The stock markets are going through a volatile and uncertain phase. Government decision making is paralysed due to the Mulayam-Karunanidhi salvos. Business houses are struck with a double whammy of increase in cost of doing business in India and consumer disinterest due to rising costs.
The greatest challenge for the investor is seeing his investment getting eroded. But if you are an ‘ investor’, that is your greatest strength too. The investment perspective of investing in tough times seems a curse rather than a blessing until the sell off ends and some semblance of stability returns.
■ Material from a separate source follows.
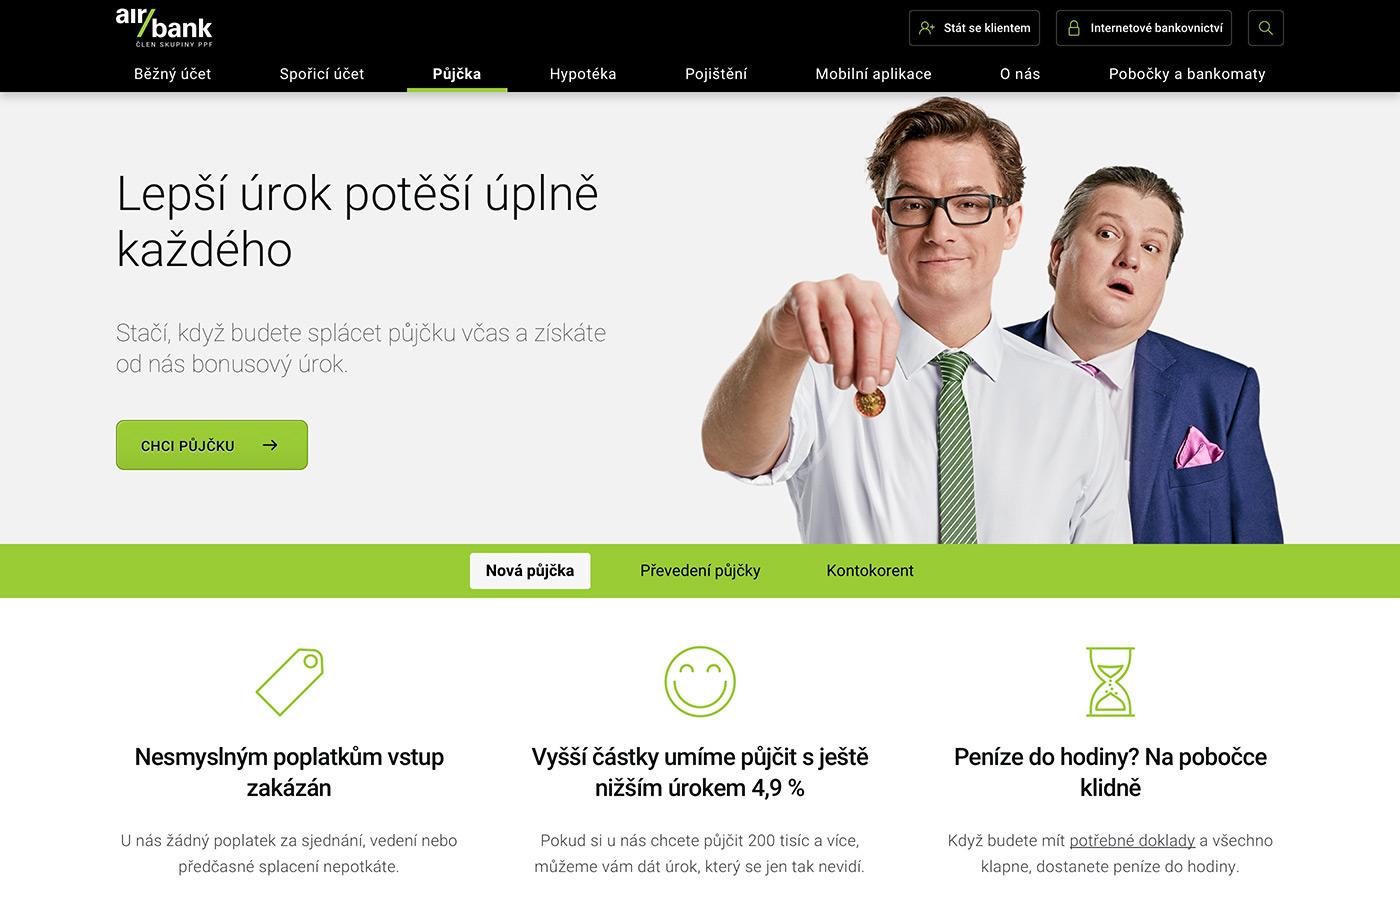 Webové stránky https://www.airbank.cz/produkty/pujcka/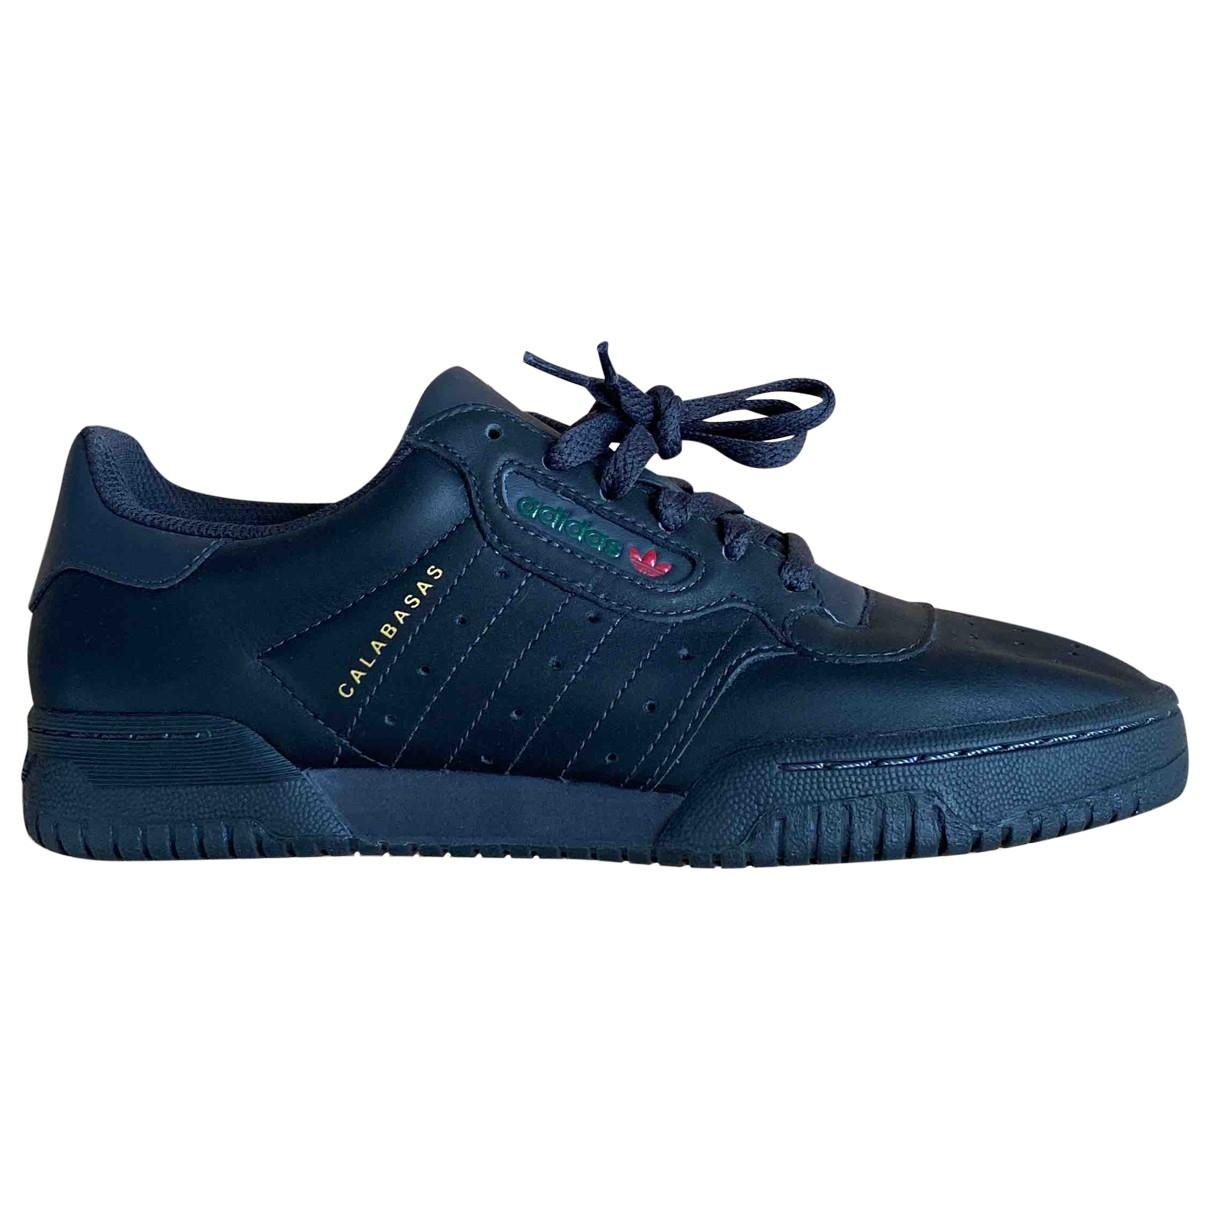 Yeezy X Adidas - Baskets POWERPHASE pour femme en cuir - noir

Remember, ultimately the vicious cycle of poor economic growth will be broken and neither securities nor the economy will go to zero, just as they did not go to infinity in the heady days of 2008. Buying early on the way down looks a great deal wrong, but it isn’t. As Seth Klarman of Baupost Group says, “If you look to Mr Market for advice, or if you imbue him with wisdom, you are destined to fail. But if you look to Mr Market for opportunity, if you take advantage of the emotional extremes, then you are very likely to succeed over time.”
Historically, little volumes transact at the bottom of the curve. Therefore, an investor should put money amidst the throes of a bear market, appreciating that things may get worse before they get better.
Success in stock markets comes to those who follow a process and do not sway with the moods of the market. It is very difficult psychologically to operate in an uncertain and unsure environment.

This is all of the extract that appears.